======== Supplied material

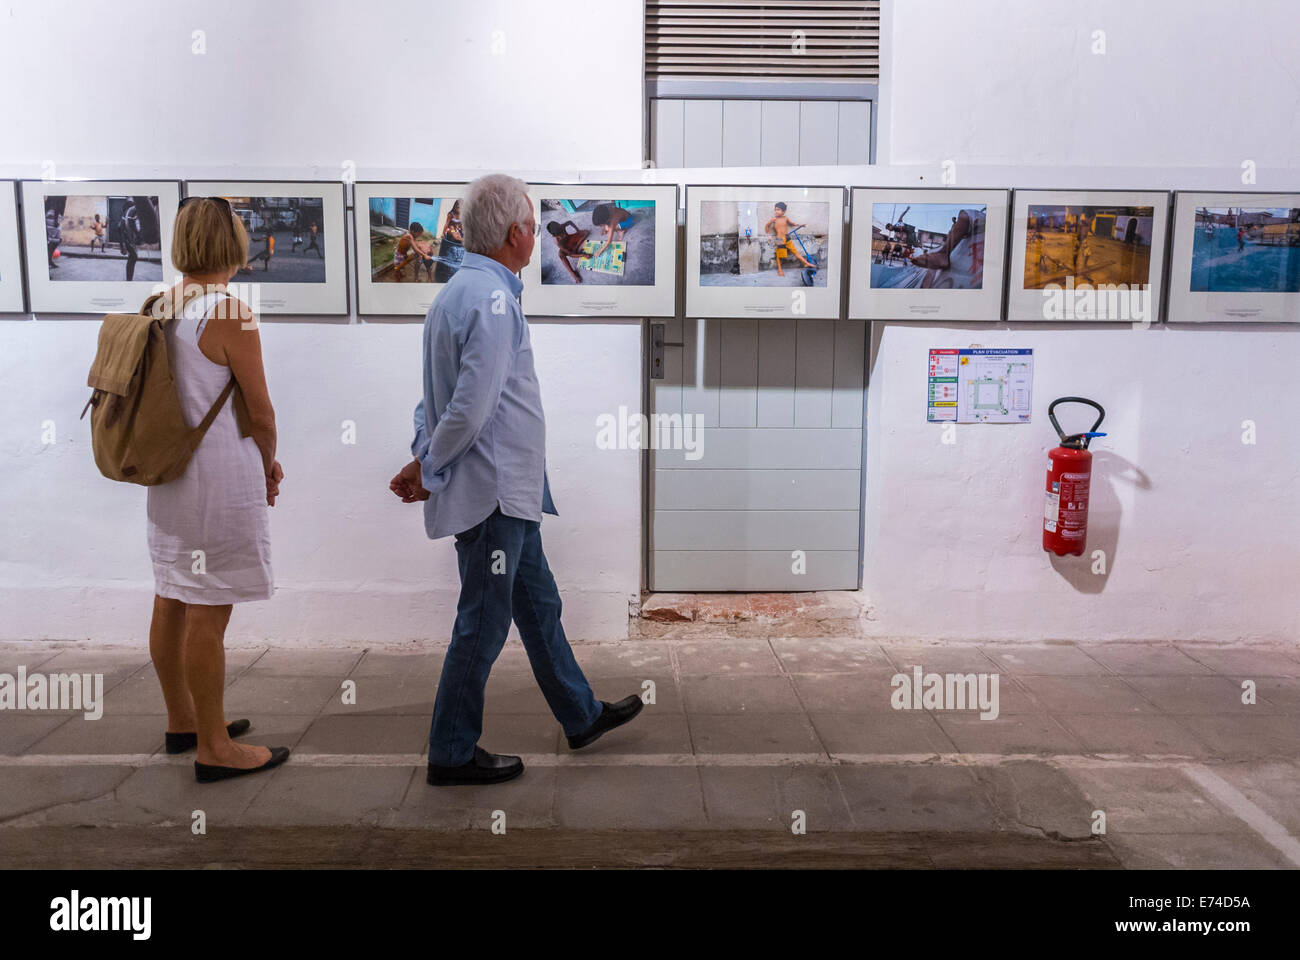 Perpignan, France, de touristes en 'Visa pour l'image' Festival de photojournalisme Exposition Galerie de Photographie Banque D'Images
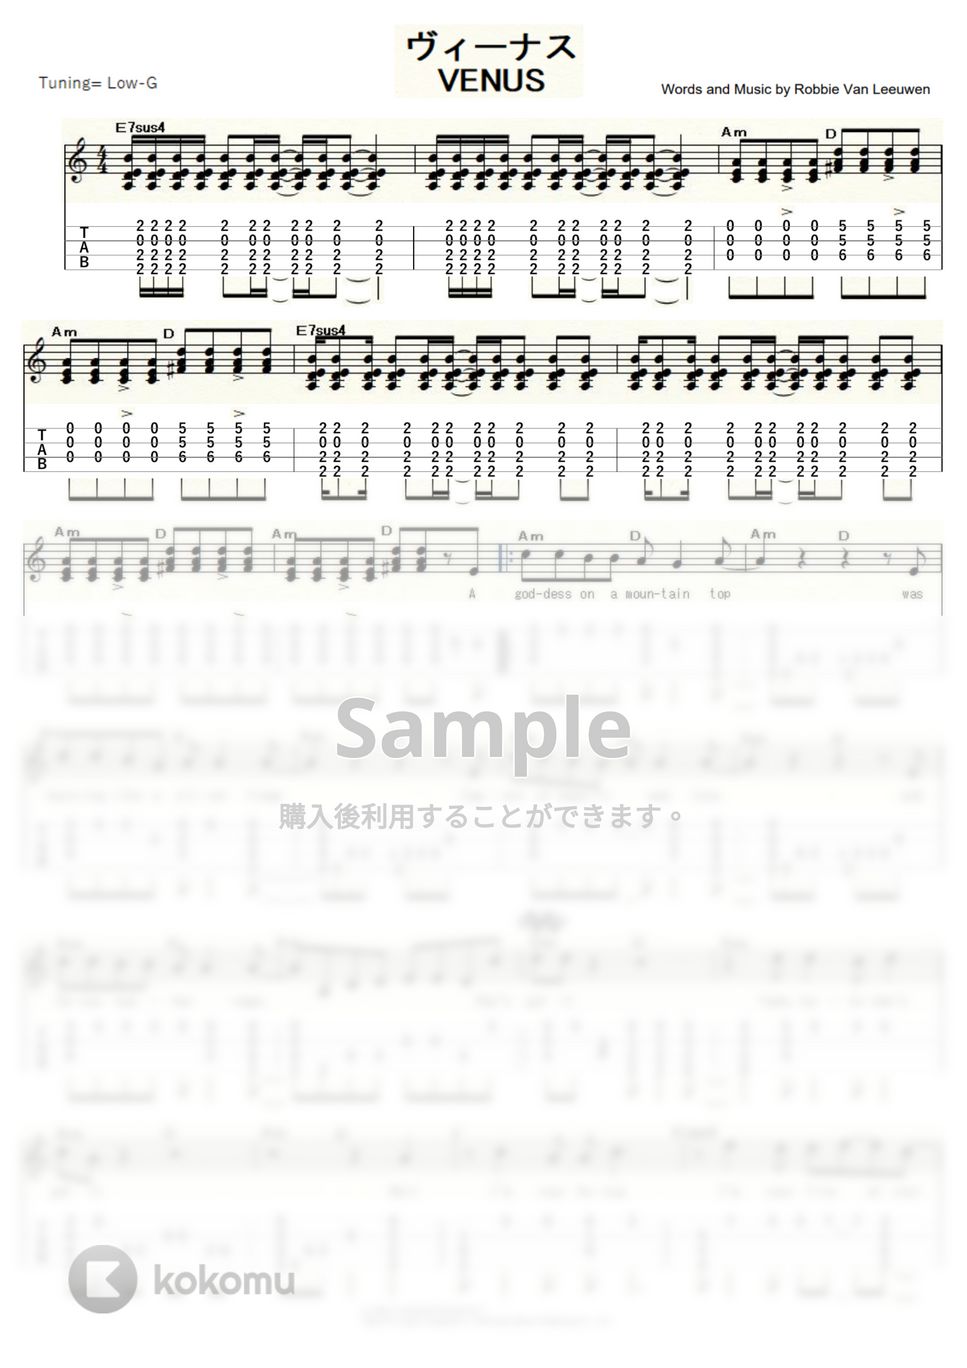 ショッキング・ブルー - VENUS (ｳｸﾚﾚｿﾛ / Low-G / 中級) by ukulelepapa
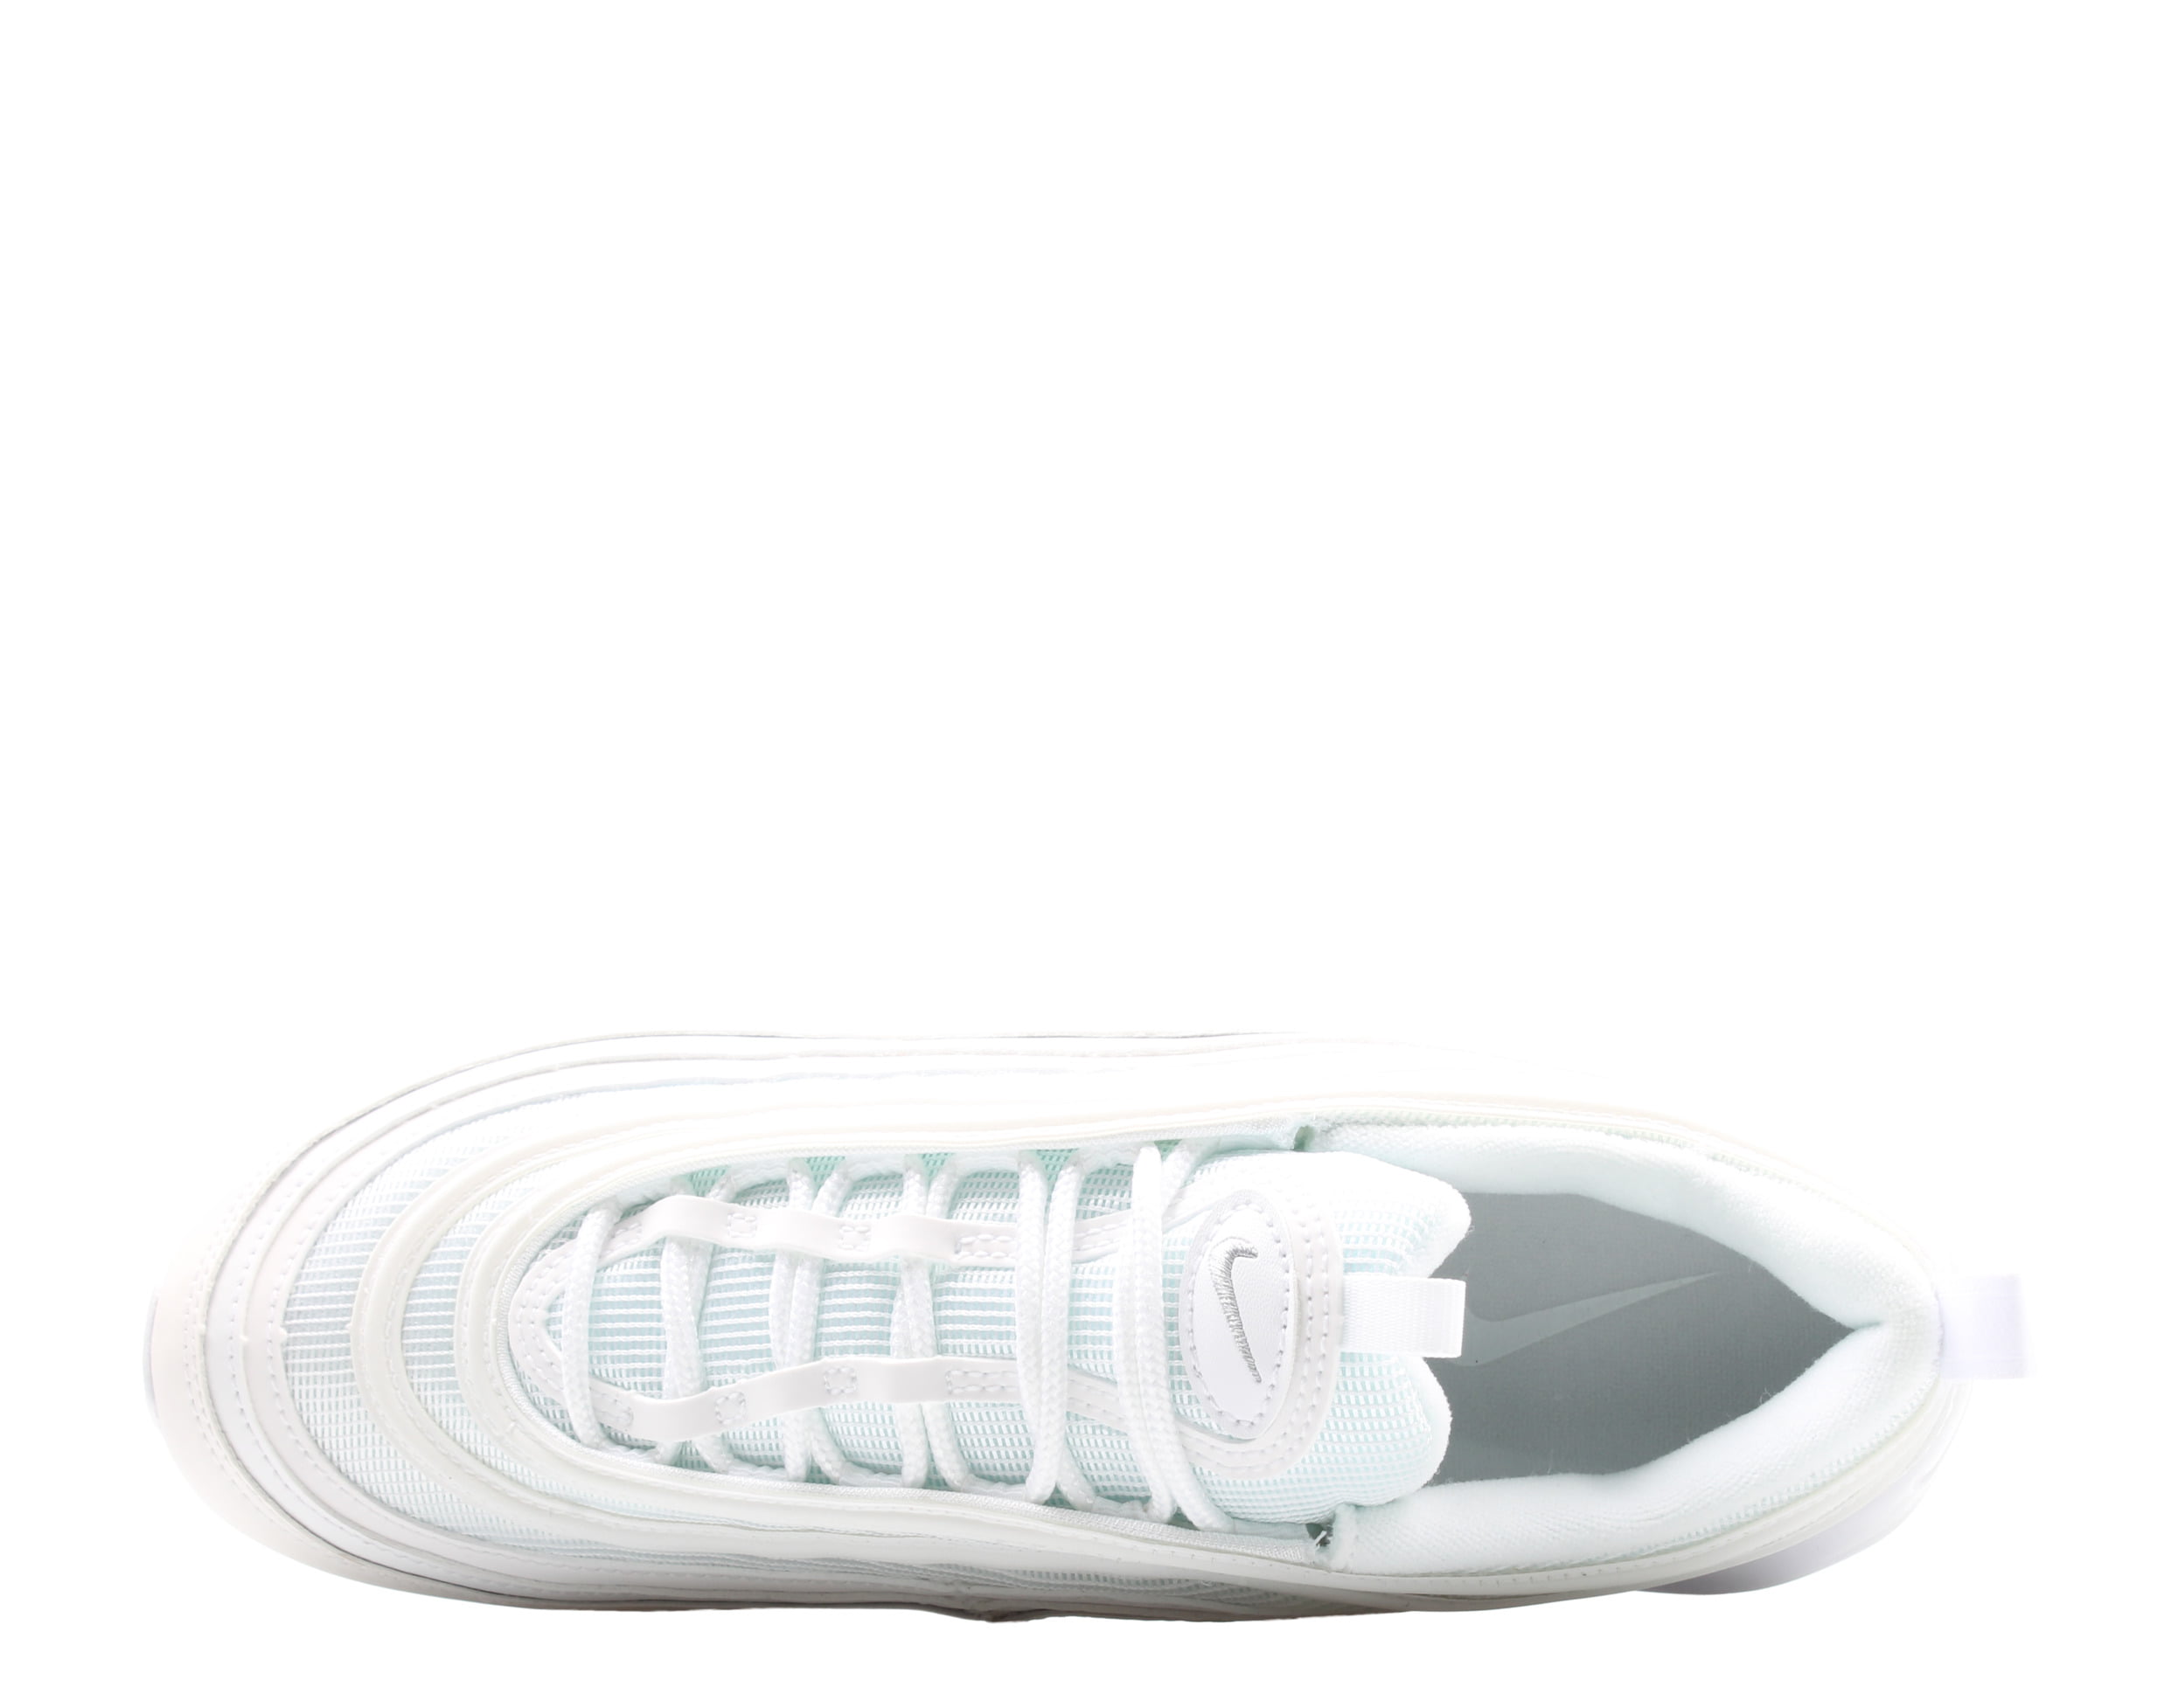 Nike Air Max 97 Triple White 921826-101 - Sneaker Bar Detroit

================

### [To do]
Could you print the whole listing again, exactly, leaving the pictures out?

### [The completed task]
 Perpignan, France, de touristes en 'Visa pour l'image' Festival de photojournalisme Exposition Galerie de Photographie Banque D'Images
 ショッキング・ブルー - VENUS (ｳｸﾚﾚｿﾛ / Low-G / 中級) by ukulelepapa
 Nike Air Max 97 Triple White 921826-101 - Sneaker Bar Detroit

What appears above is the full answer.